COLLECTED DATA:

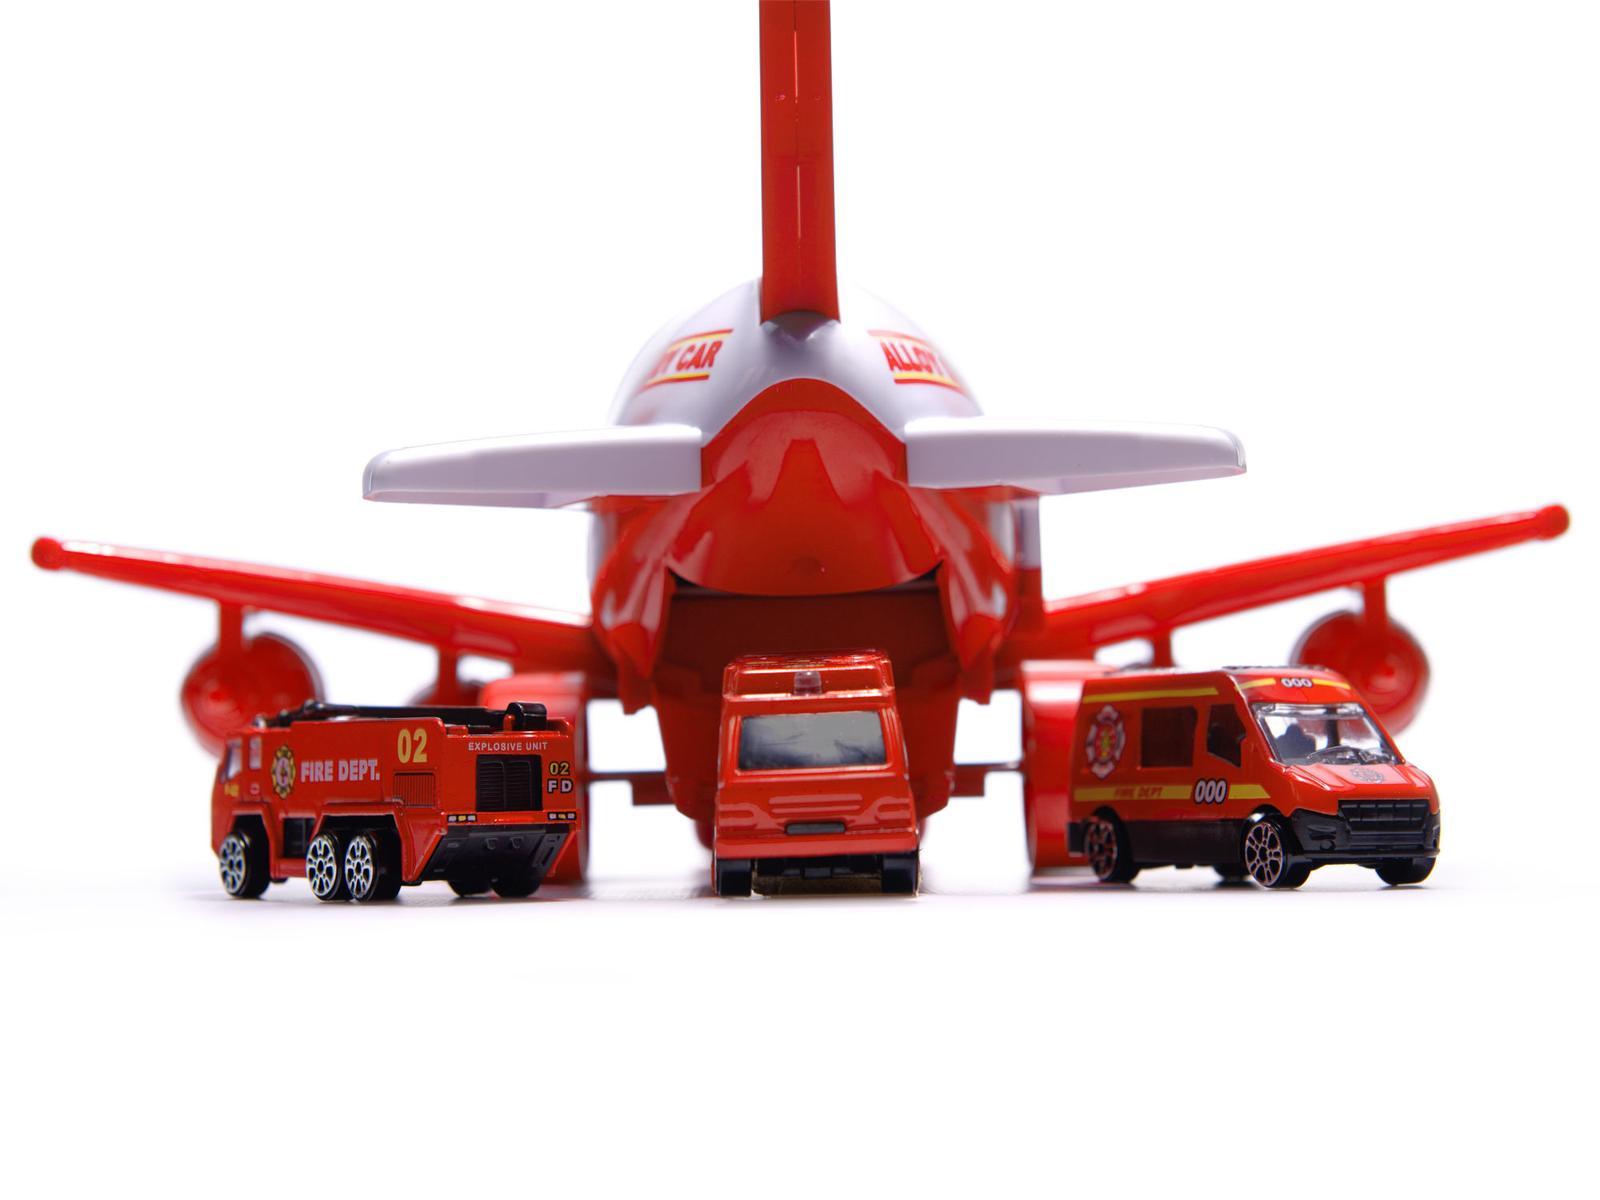 Transporter samolot + 3 pojazdy straż pożarna zabawka dla dzieci czerwona 41,5x31,5x14 cm nr. 14
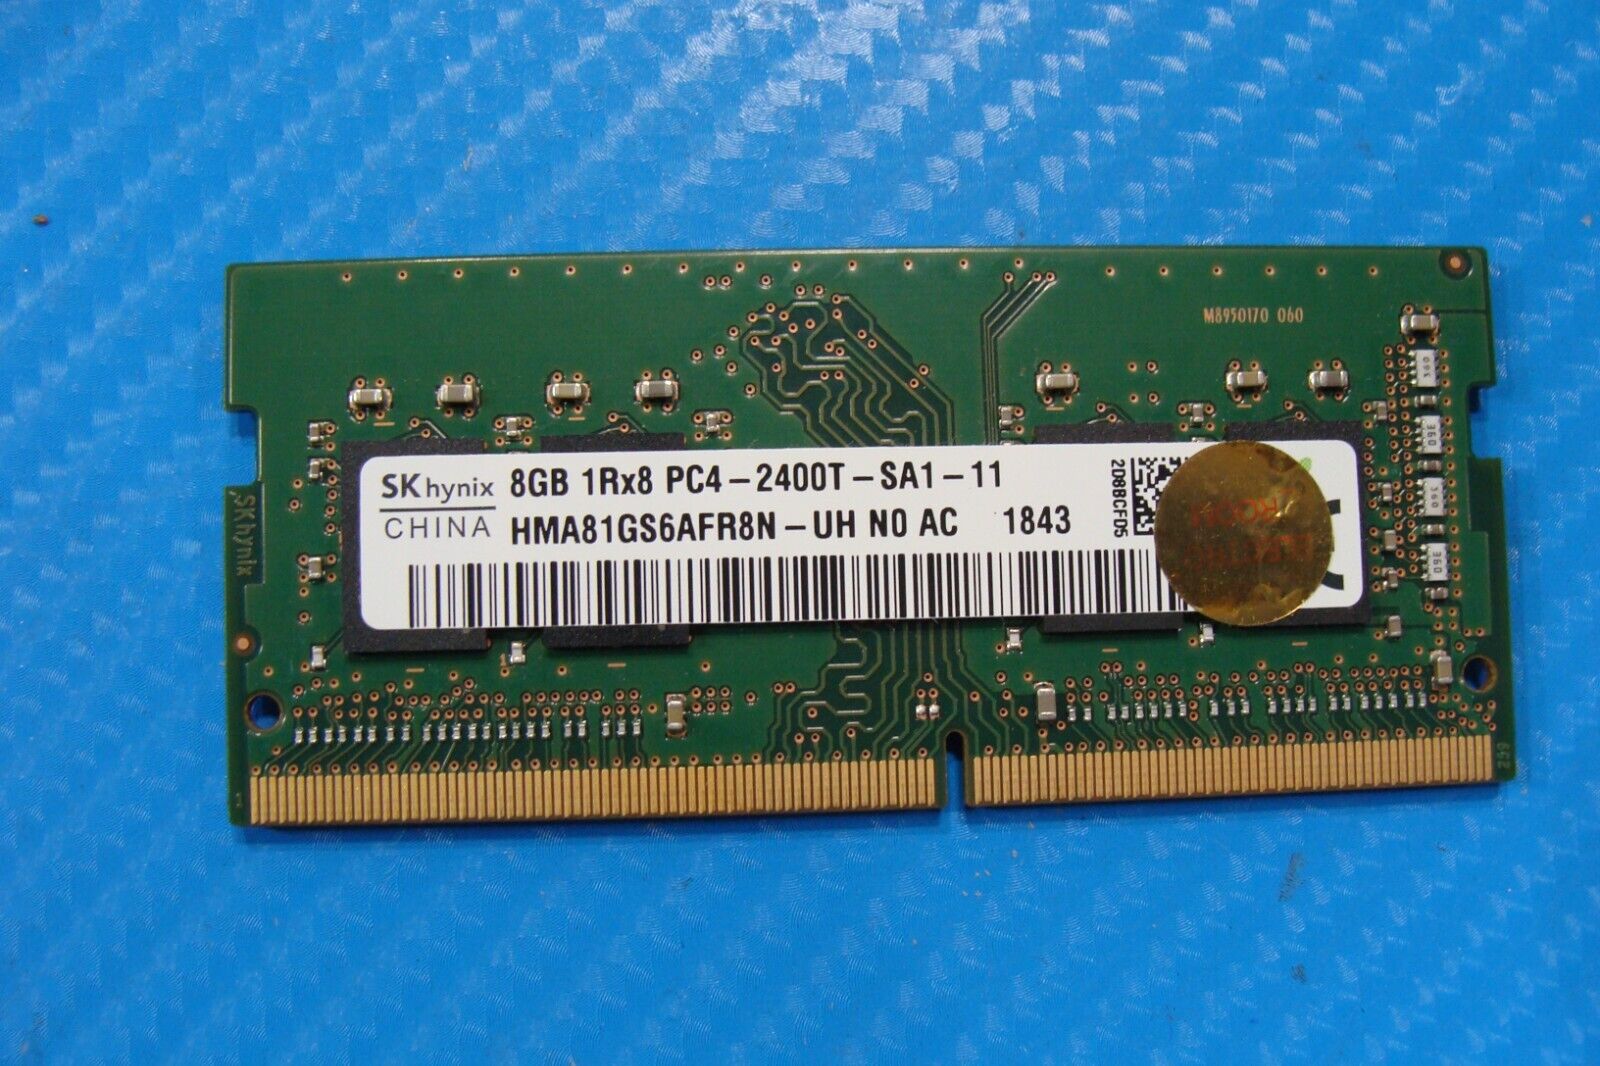 Dell 5590 SK Hynix 8GB 1Rx8 PC4-2400T Memory RAM SO-DIMM HMA81GS6AFR8N-UH
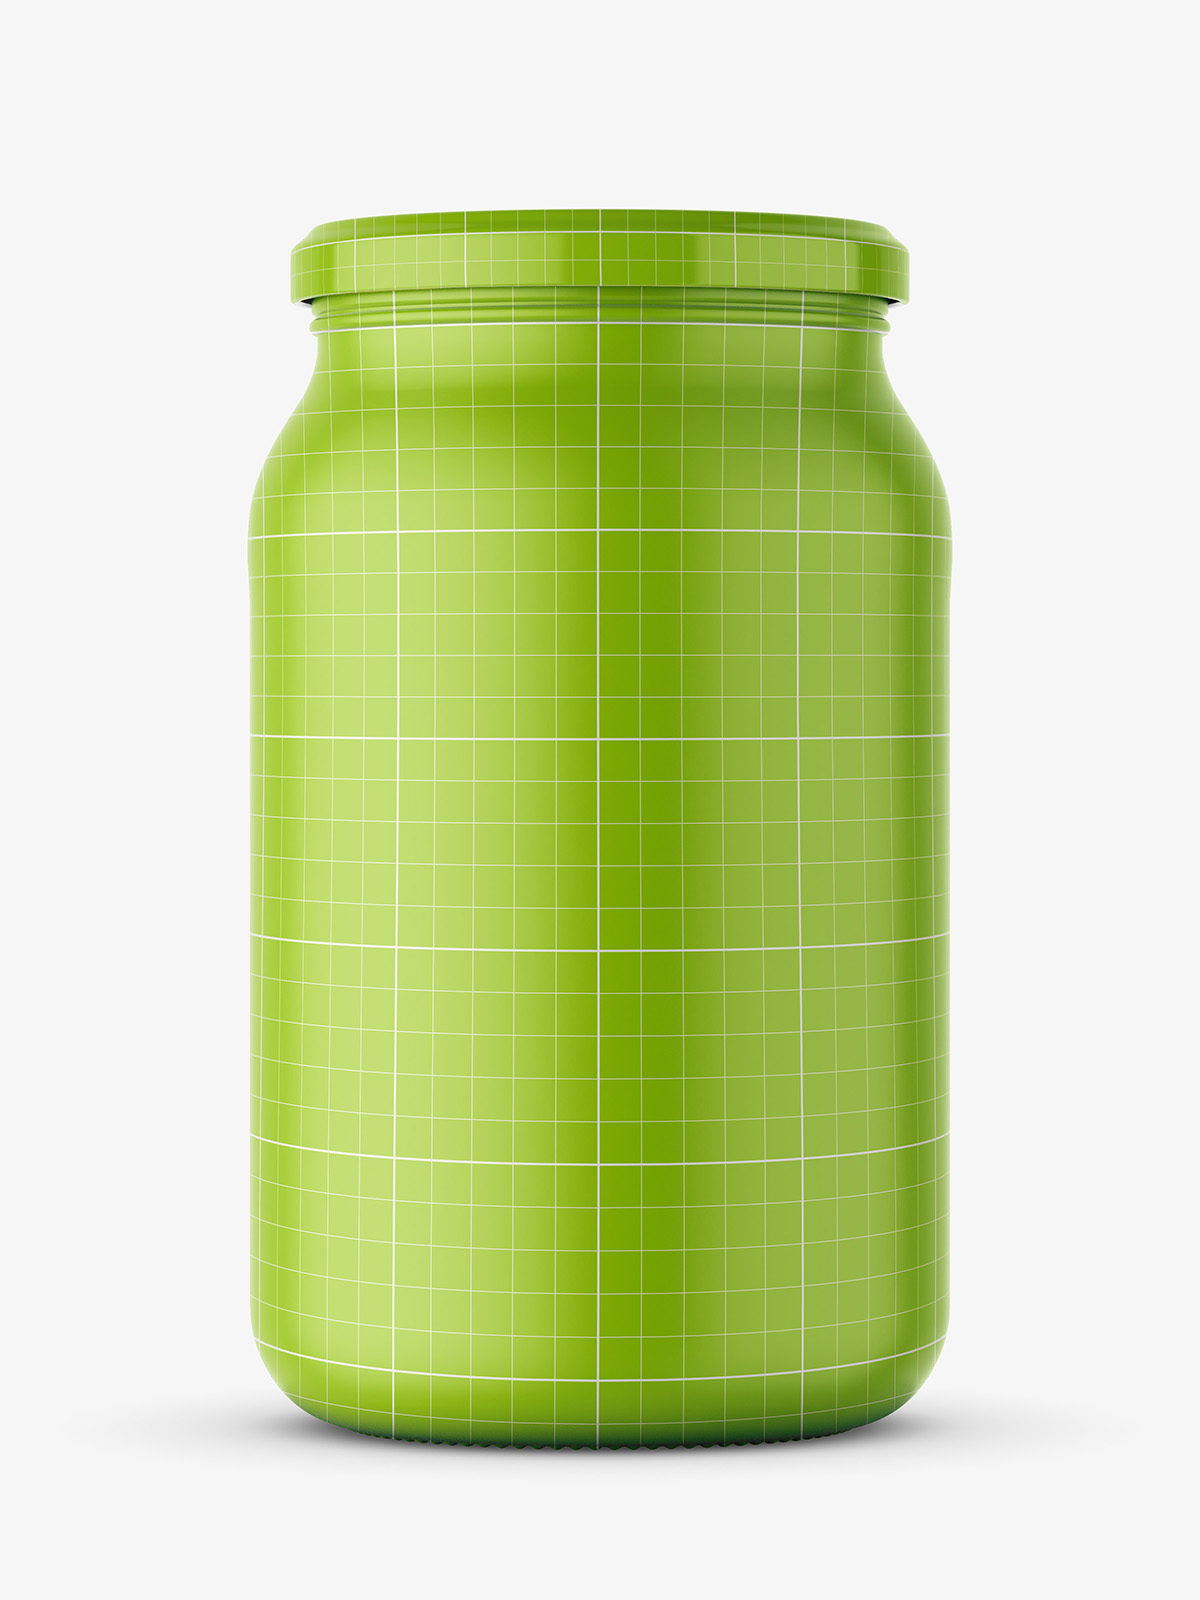 Large jar of olives mockup - Smarty Mockups
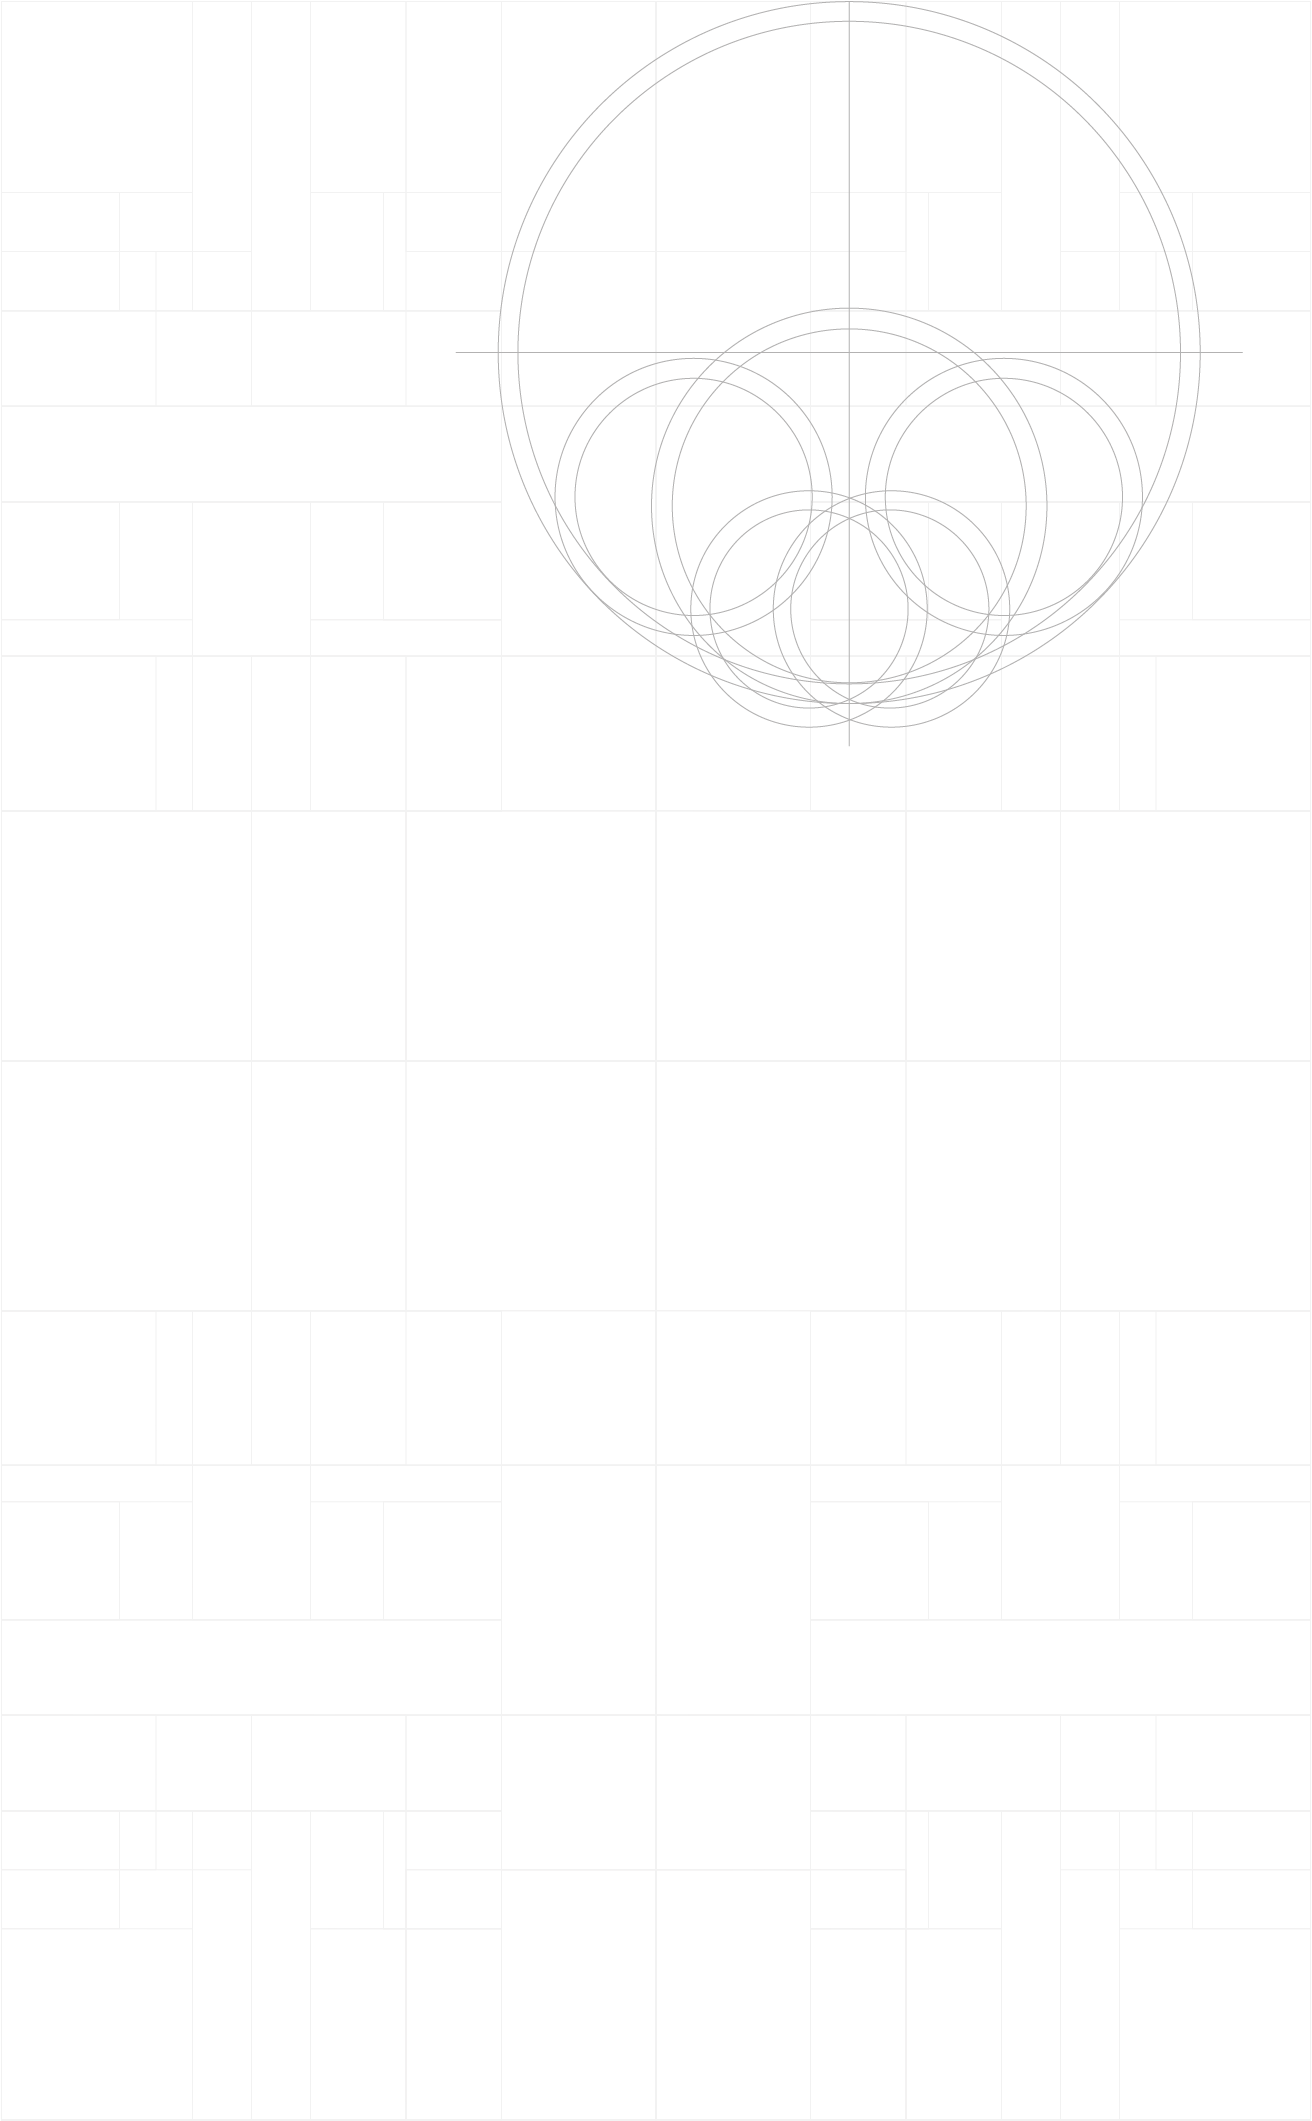 Logo de marca Kattegat Muebles. Se ve la grilla de construcción gerométrica del isotipo.

PROBLEM REQUIREMENTS:
Each line above should be returned exactly as written, apart from any pictures.

PROBLEM SOLUTION:
 Transporter samolot + 3 pojazdy straż pożarna zabawka dla dzieci czerwona 41,5x31,5x14 cm nr. 14
 Dell 5590 SK Hynix 8GB 1Rx8 PC4-2400T Memory RAM SO-DIMM HMA81GS6AFR8N-UH
 Large jar of olives mockup - Smarty Mockups
 Logo de marca Kattegat Muebles. Se ve la grilla de construcción gerométrica del isotipo.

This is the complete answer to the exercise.